[Start of Attachment]

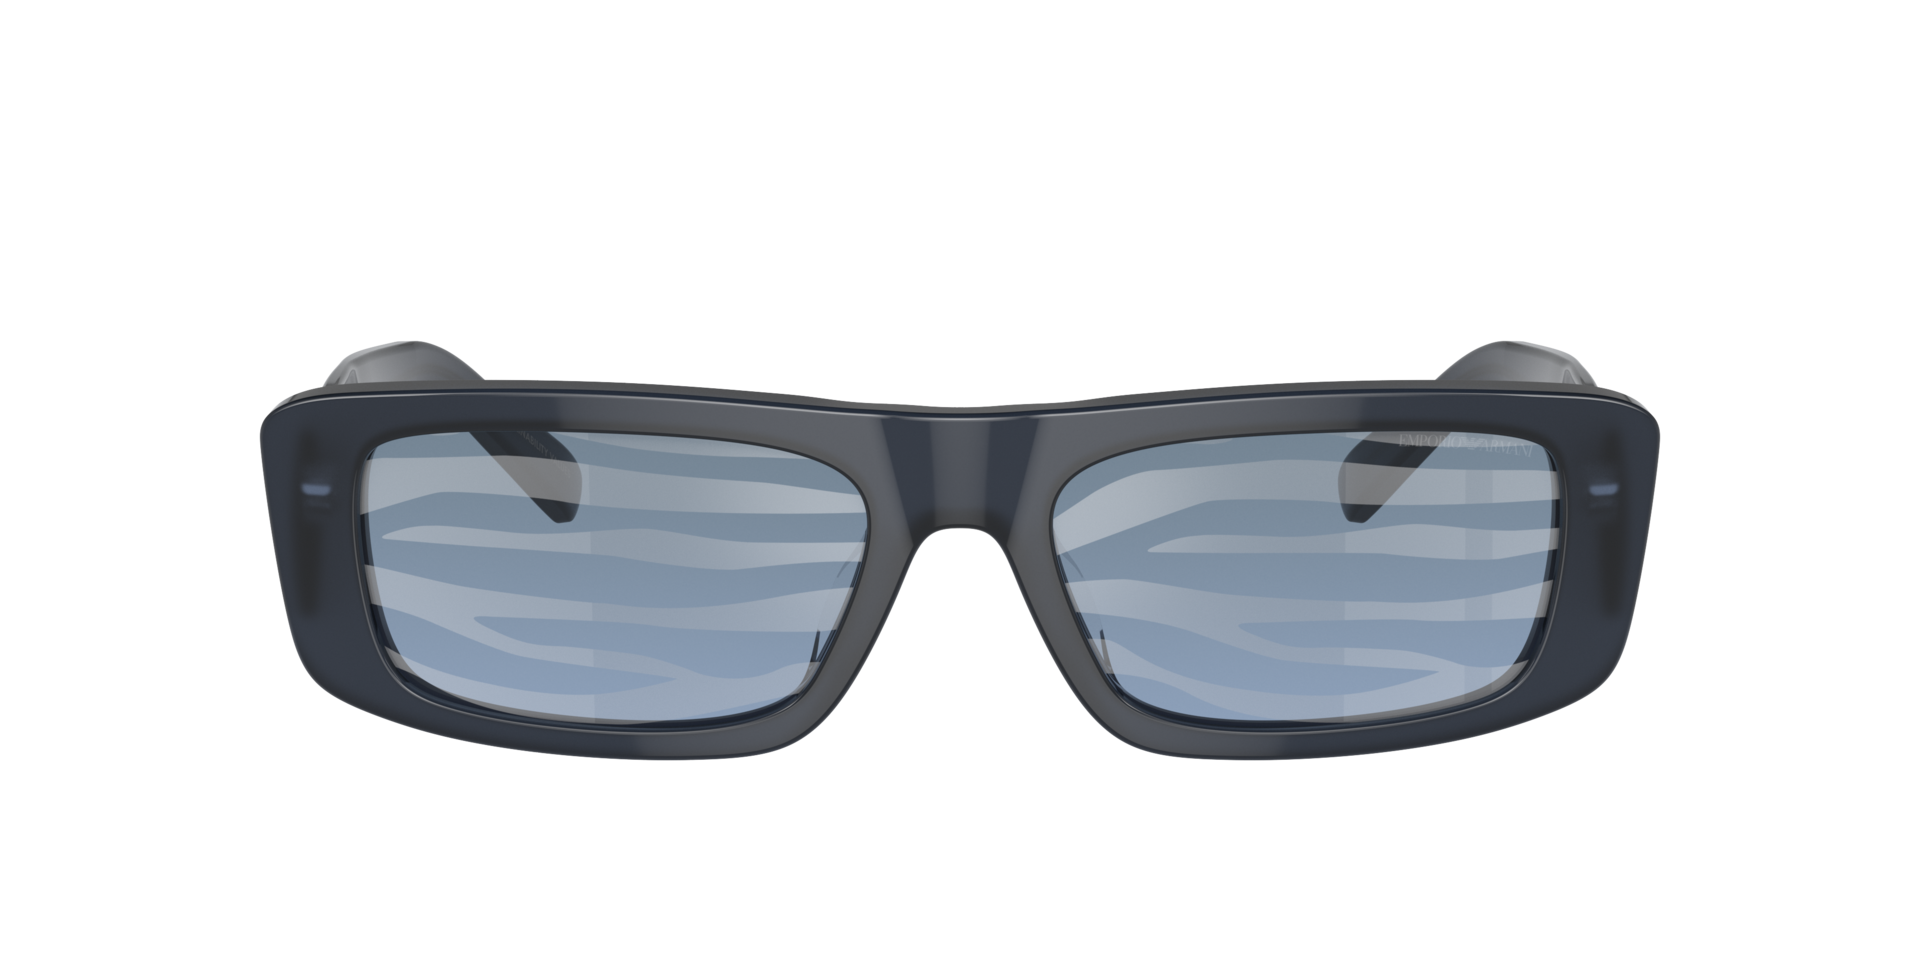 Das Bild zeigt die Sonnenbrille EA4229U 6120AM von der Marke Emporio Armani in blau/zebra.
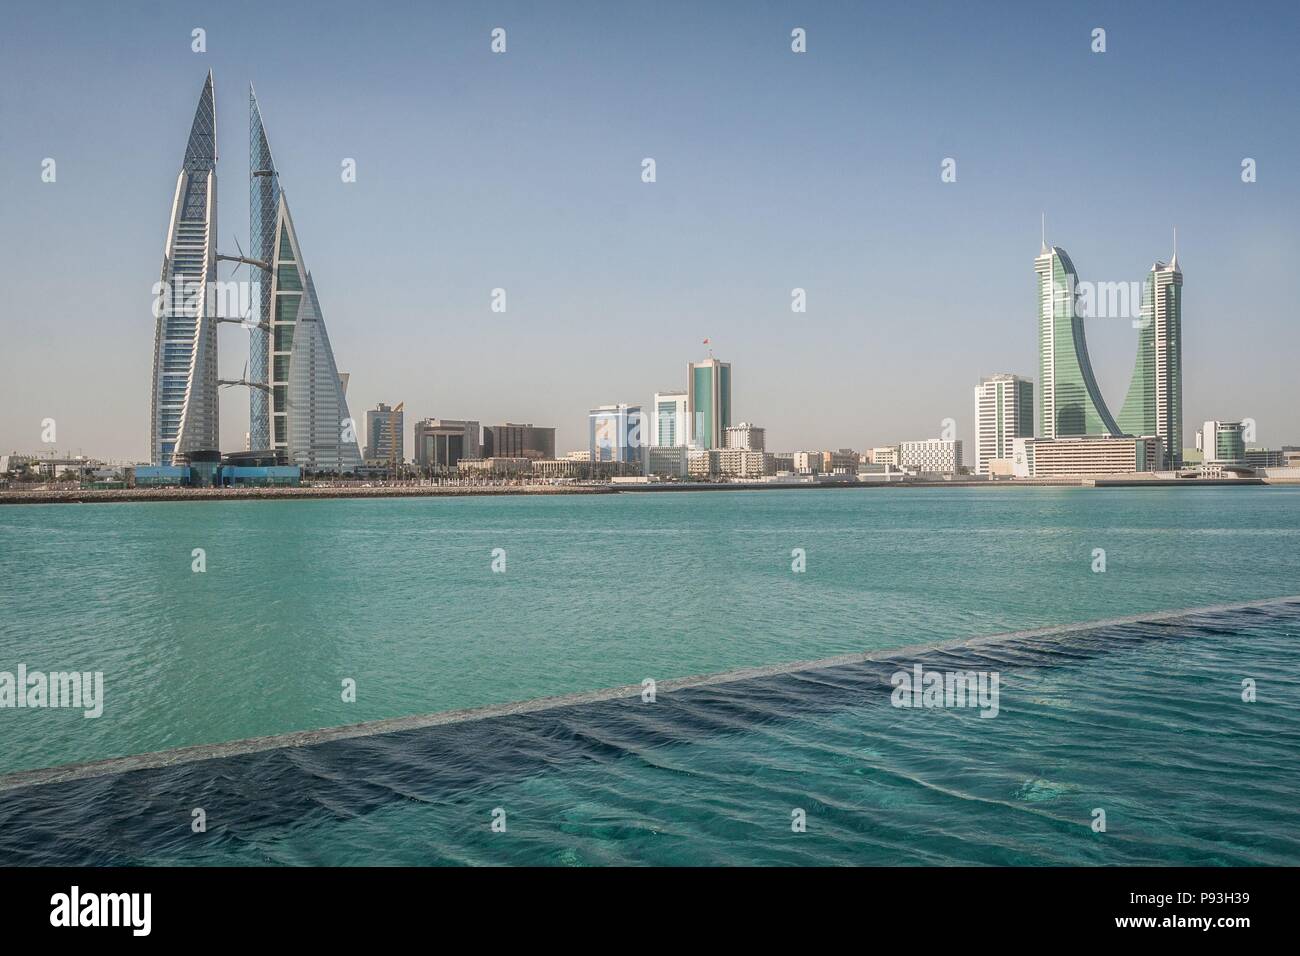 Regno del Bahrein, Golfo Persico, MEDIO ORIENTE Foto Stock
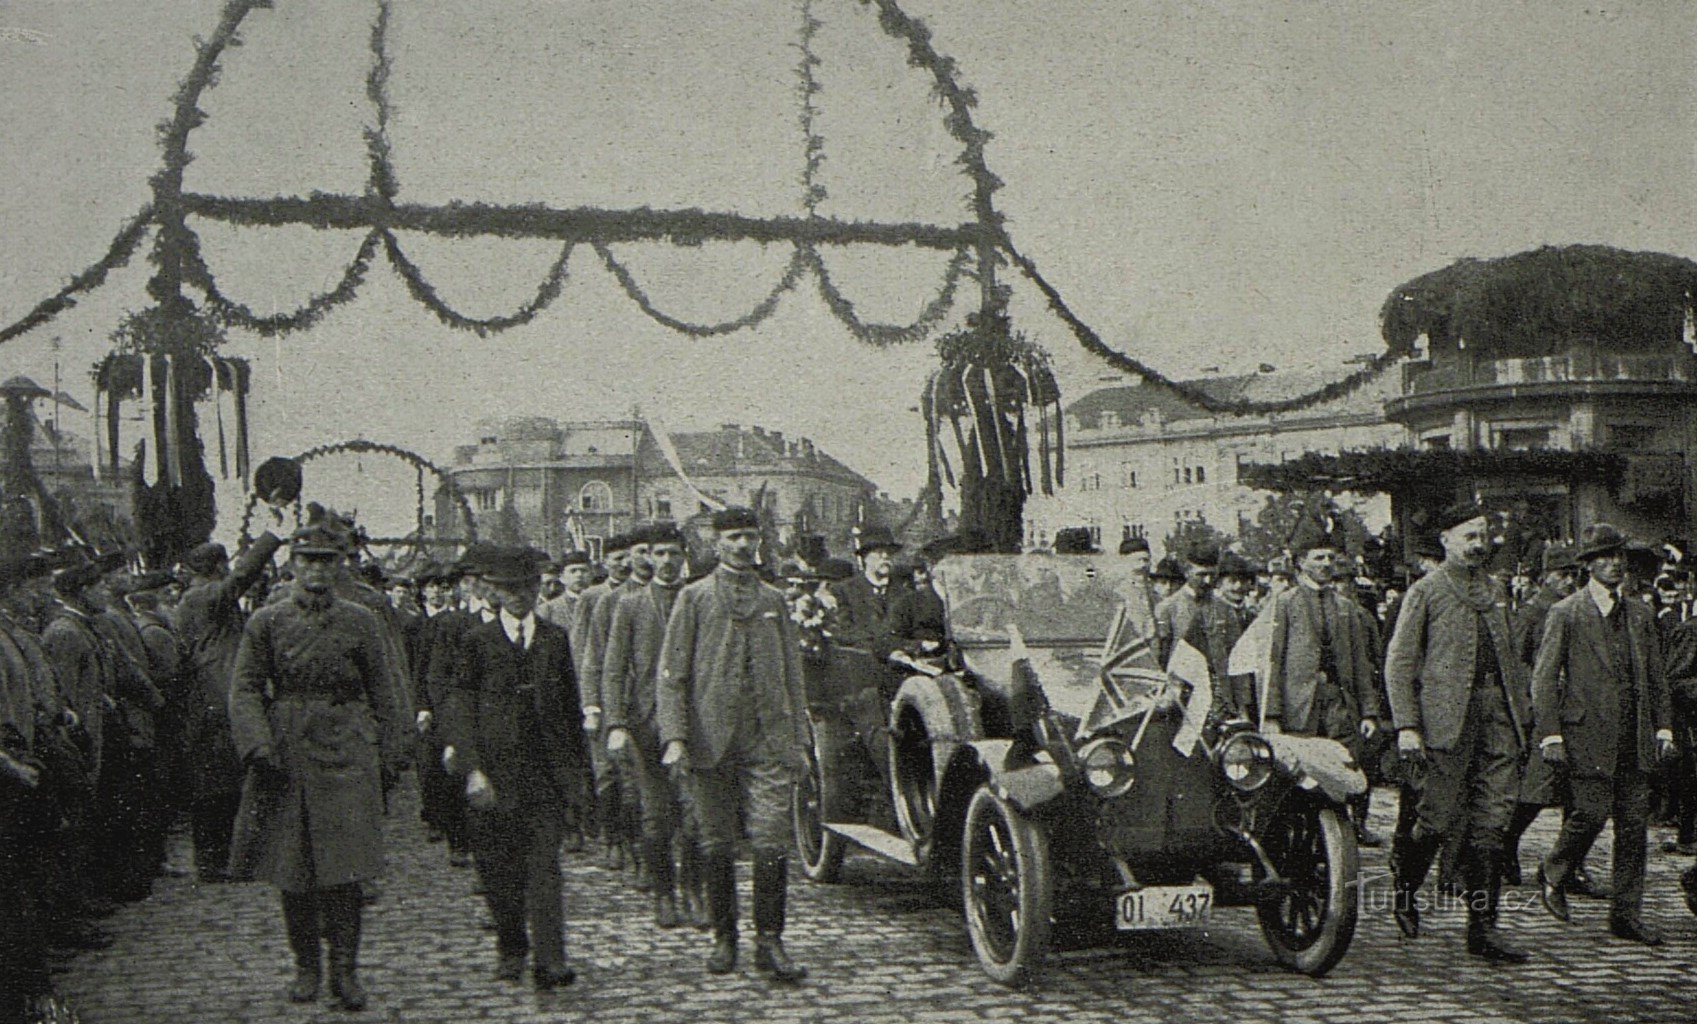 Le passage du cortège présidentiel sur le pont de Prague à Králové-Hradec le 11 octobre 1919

[End of Attachment]

Work item: Would you provide an exact, picture-free copy of the data above?

Result for this task:
 Das Bild zeigt die Sonnenbrille EA4229U 6120AM von der Marke Emporio Armani in blau/zebra.
 Regno del Bahrein, Golfo Persico, MEDIO ORIENTE Foto Stock
 Le passage du cortège présidentiel sur le pont de Prague à Králové-Hradec le 11 octobre 1919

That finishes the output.